В самом деле, если задуматься, то в чем же историческое назначение нашей советской литературы? Разве не в том, чтобы помогать народу, своему обществу в достижении целей, какие начертаны на знаменах партии коммунистов? Разве не в том, чтобы, видя, поддерживая ростки нового, явления нового, черты нового и вдохновенно рассказывая о них, прокладывать людям путь в завтра? Разве не в том, чтобы без всякого сглаживания углов изображать непримиримую борьбу нового против старого и неизбежную победу нового над старым? И не в том ли, чтобы со страниц наших книг смотрели на читателя мужественные, умные, озаренные светом больших идей лица его современников, героев великого времени?

Это грубая неправда, когда пытаются уверять, что литература, истинная литература, литература в высоком смысле слова должна стоять над обществом, над волнующими его идеями, над классами, из которых пока что состоит человеческое общество на земле, что она, эта истинная литература, призвана обозревать мир бесстрастным оком ни от кого и ни от чего не зависящего повествователя.

Придавая подобным рассуждениям видимость философического наукообразия, нас пытаются запутать, сбить с позиций. Но удастся ли? Не знаю, может быть, лишь электронно-счетная машина способна сочинить роман или поэму так, чтобы на тексте их не отразились ни симпатии, ни антипатии автора, ни его привязанности и темперамент, ни его убеждения. Но человек – нет, не может! Даже если он до предела равнодушный и бесстрастный человек, даже если он и полагает, что уже при жизни вознесен на небеса.

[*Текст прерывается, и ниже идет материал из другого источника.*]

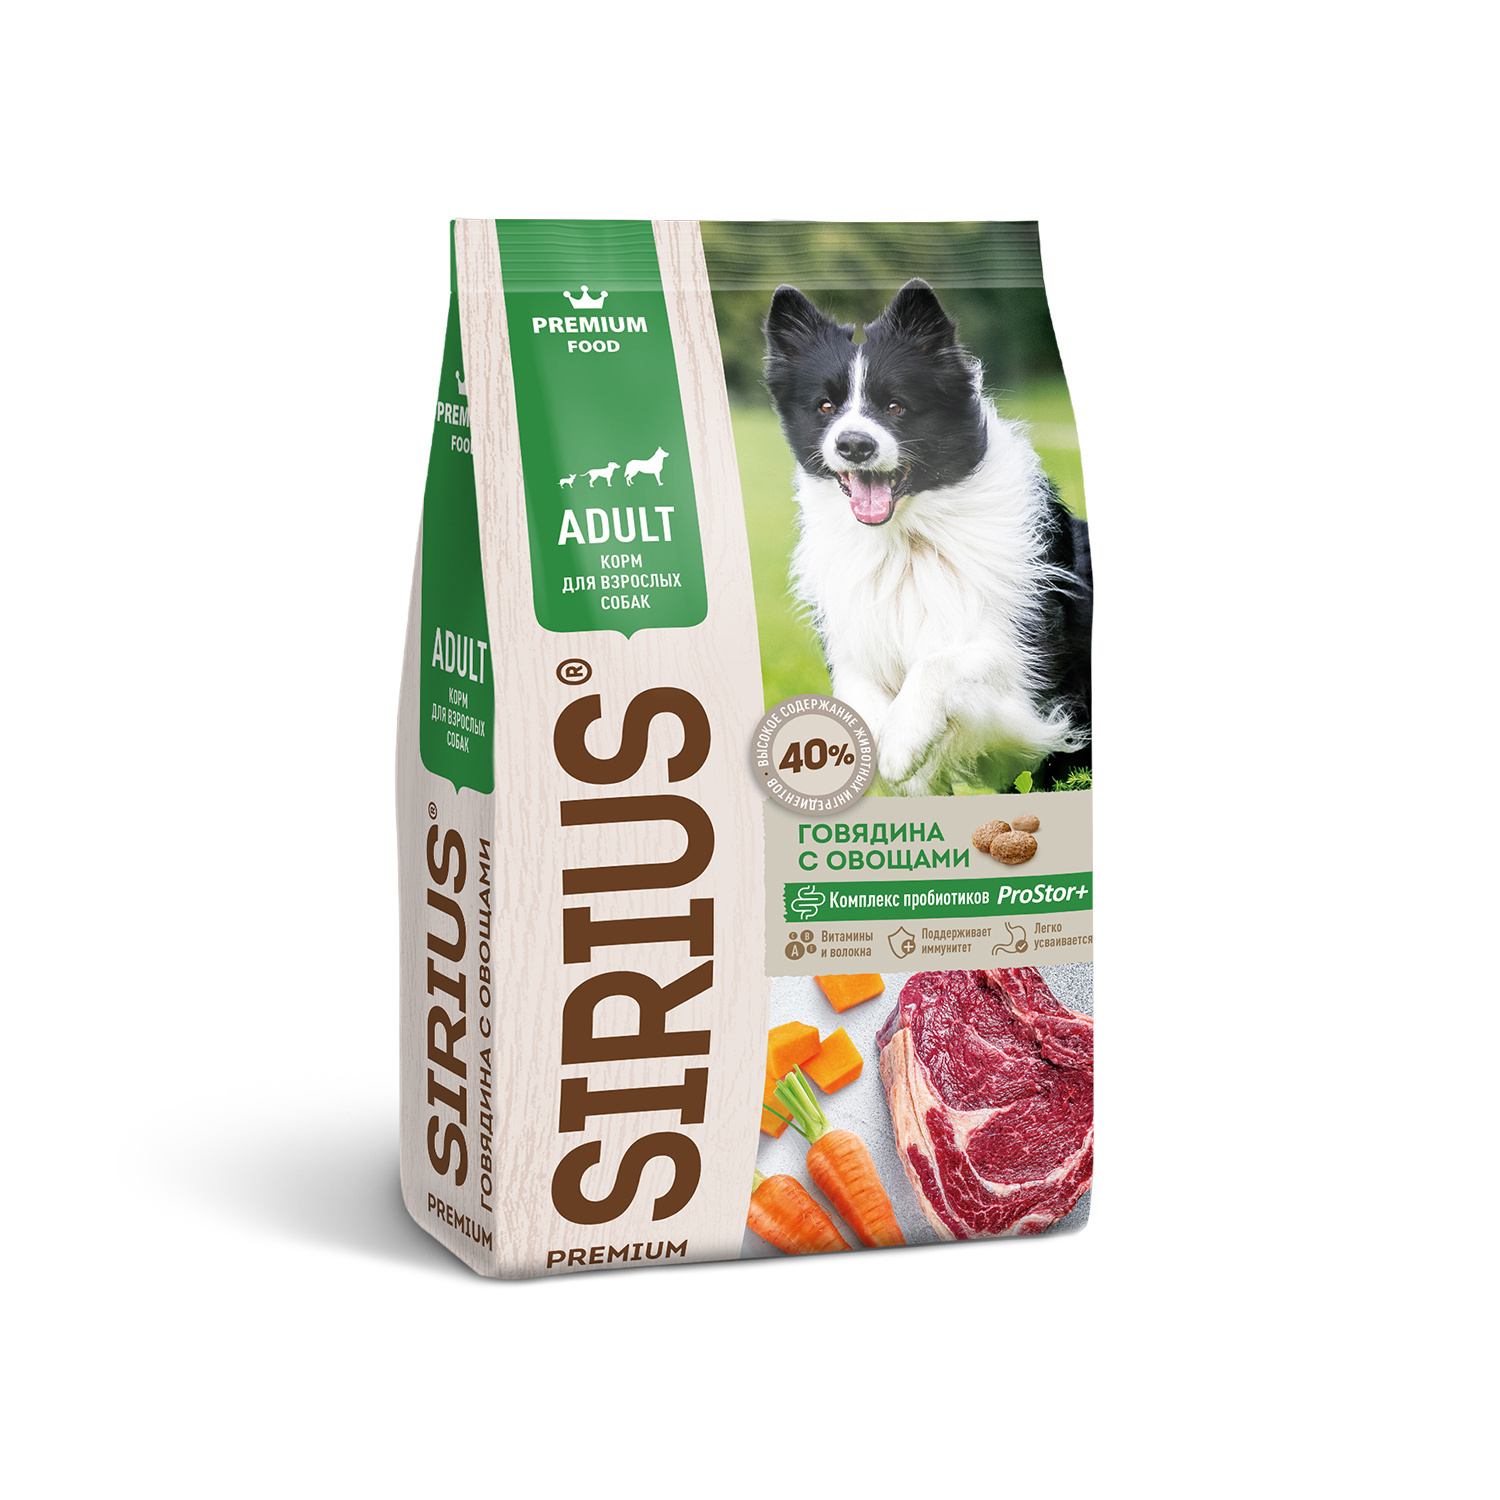 Sirius Sirius сухой корм для собак, говядина с овощами (15 кг) sirius sirius сухой корм для собак говядина с овощами 15 кг

Для чего же тогда говорится о независимости литературы от каких-либо обязанностей перед обществом, о ее – только в таком случае – свободе? Мы давно в этом разобрались, для чего. Исключительно для того, чтобы увести литературу от классовой борьбы на стороне трудящихся классов: сначала ее как оружие борьбы затупить, сделать аполитичной, безыдейной, а затем, если удастся, перековать наново, уже в другом духе. Что ж, шумели, шумели наши противники о свободе литературы от служения политике, а стоило появиться роману «Доктор Живаго», открыто политическому, но антисоветскому, как этот роман был признан у реакционеров выдающимся литературным образцом. Механика проста: все, что служит политике капиталистов, что полезно ей, – создано на основе «свободного, истинно художнического» творчества; все, что служит делу трудящихся классов, делу строительства социализма и коммунизма, то есть идет против политики капиталистов, – это уже нечто, что создано «под давлением», «под нажимом» или написано «лакировщиками», которые, дескать, служат не столько высокому искусству, сколько своему личному благополучию, так сказать, прислуживаются.

Механика-то проста, но передающие механизмы, с помощью которых она осуществляется, частенько бывают так тщательно закамуфлированы и так хитроумно раскрашены, что получается с виду будто бы они «за», а не «против».

В свое время откуда-то вылез термин «лакировщик», «лакировщики». Посмотришь со стороны, все тут благопристойно: борьба за правду в литературе, против приукрашивания действительности, против отхода от фактов реальности. Но странным было то, что, пока в некоторых литературных кругах клеймили и поносили «лакировщиков» (книги которых, кстати говоря, поносились и в реакционной зарубежной печати), в это же самое время этими же кругами возвеличивались произведения бытописательские, мелкотравчатые, душеустроительские (кстати говоря, такие, которые расхваливались и за рубежами в буржуазной печати)…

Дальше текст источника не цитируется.